It came about this way: our good friends, L and M, celebrated their 25th anniversary this week with a party last night, a barbecue, to which I had promised to bring two buckets of home-made ice cream. Yesterday I bought 3 bags of ice, a gallon of homogenized milk, a quart and a half of whipping cream, and coarse salt. I had decided to make strawberry ice cream and pralines and cream ice cream.
For the strawberry ice cream I got out a quart of cleaned, chopped, frozen strawberries from last summer's harvest (since so far there are only flowers in the strawberry bed, no berries yet). I made that into a quart of strawberry topping (same as freezer jam), which I added to the two quarts of vanilla ice cream when they were finished.
I use a fairly large ice cream freezer that operates the old-fashioned way with ice and salt, but has a motor to turn the paddle. It takes about 20 to 30 minutes to freeze a batch. When it's ready it's very soft, and benefits from spending some time in the freezer to harden up a little. Just don't let it freeze all the way or you get an impenetrable brick.
Then I made pralines according to a recipe from Epicurious. It called for boiling brown sugar, white sugar, cream, salt, up to 238ºF. But it had called for a 2 quart sauce pan, and because the pan was slightly too small to achieve that temp without boiling over, the pralines never really hardened. I put them in the freezer as a slurry on two cookie trays.
I made a batch of butterscotch ice cream and dropped in the praline mixture in small chunks, and we were off to the party.
By the time we ate the ice cream the praline mixture had melted into the ice cream as flavoring, and the pecans were simply in there as in butter pecan. Oh well, it tasted just fine. Next time I'll use a bigger pan and be able to boil the mixture up to the proper stage.
However, I had OODLES of praline mix left over. So this morning I thought: wouldn't that make a nice batch of sticky buns? Unhuh! It did. But I put the buns on my largest cookie tray, not in a pan with taller sides.
Jim and I were sitting in the solar space, reading the Saturday Globe and Mail from Toronto, watching out for the occasional customer while the buns baked upstairs. When I came up to take them out of the oven the kitchen was full of smoke, and more smoke was streaming out of the oven vents. Help!
I quickly turned off the gas, pulled the buns from the oven (they turned out just fine), and surveyed the damage. About half of the oven floor was covered with a bubbling mixture of sugar and butter, and some had even dripped down the sides to the underneath part.
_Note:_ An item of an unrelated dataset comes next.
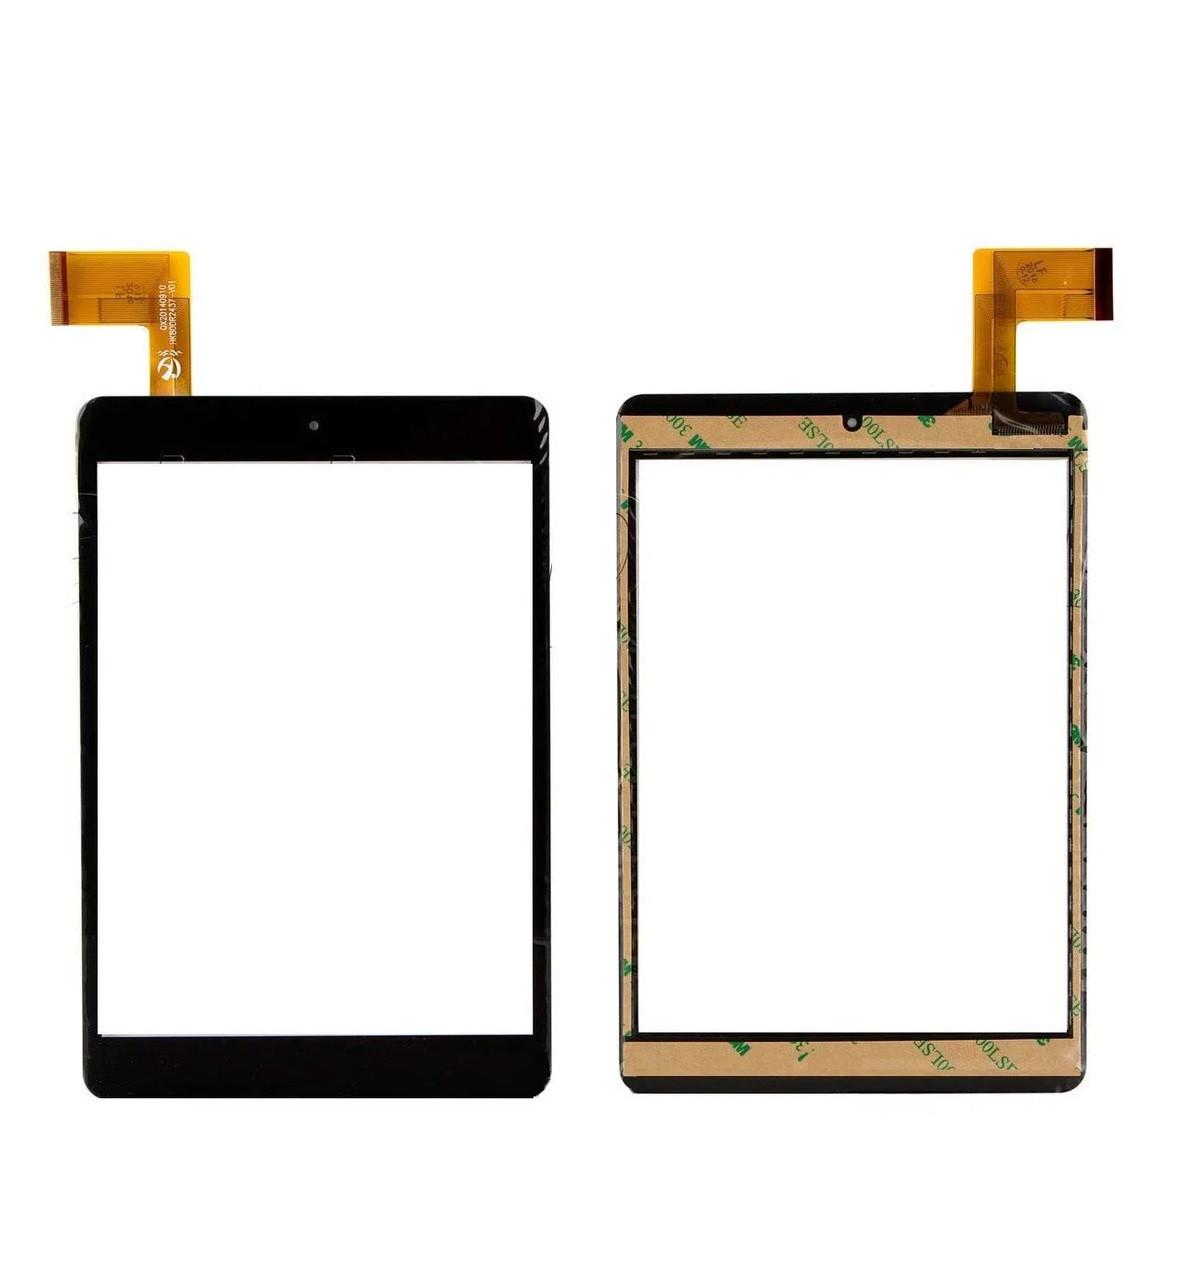 Сенсор для планшета Nomi A07850 (131*197), (HK80DR2437-V01) тип 2 (Чорний) Оригінал Китай
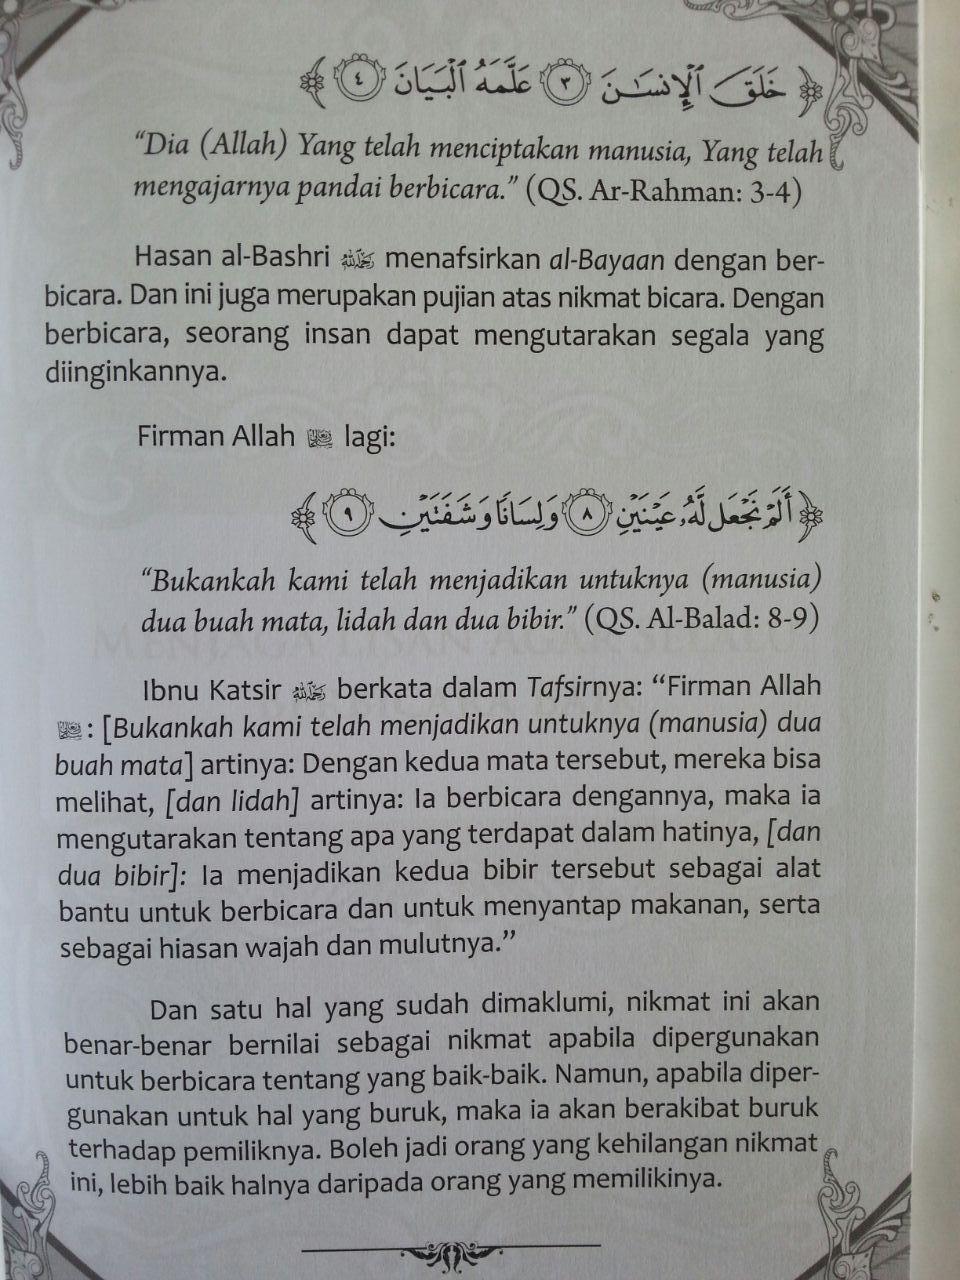 Buku Lembutnya Dakwah Ahlussunnah isi 3

I immediately started scooping up what I could, the part that was still liquid. But there were large areas that had hardened into a black crust. As the oven cooled I cleaned. When it was cool enough, I removed the floor of the oven and was able to reach down to the lower level and clean off the spills there. It took over an hour to get almost all of the mess cleaned up.
Now I think I'll put the floor back in and turn on the self-cleaning feature to get it all the way back to pristine again.
What's the lesson in this? Maybe not to be proud of a clean oven? Maybe, use a bigger pan so the sticky mix doesn't boil over and make a mess!!!!
P.S. It was too horrendous to take any pictures!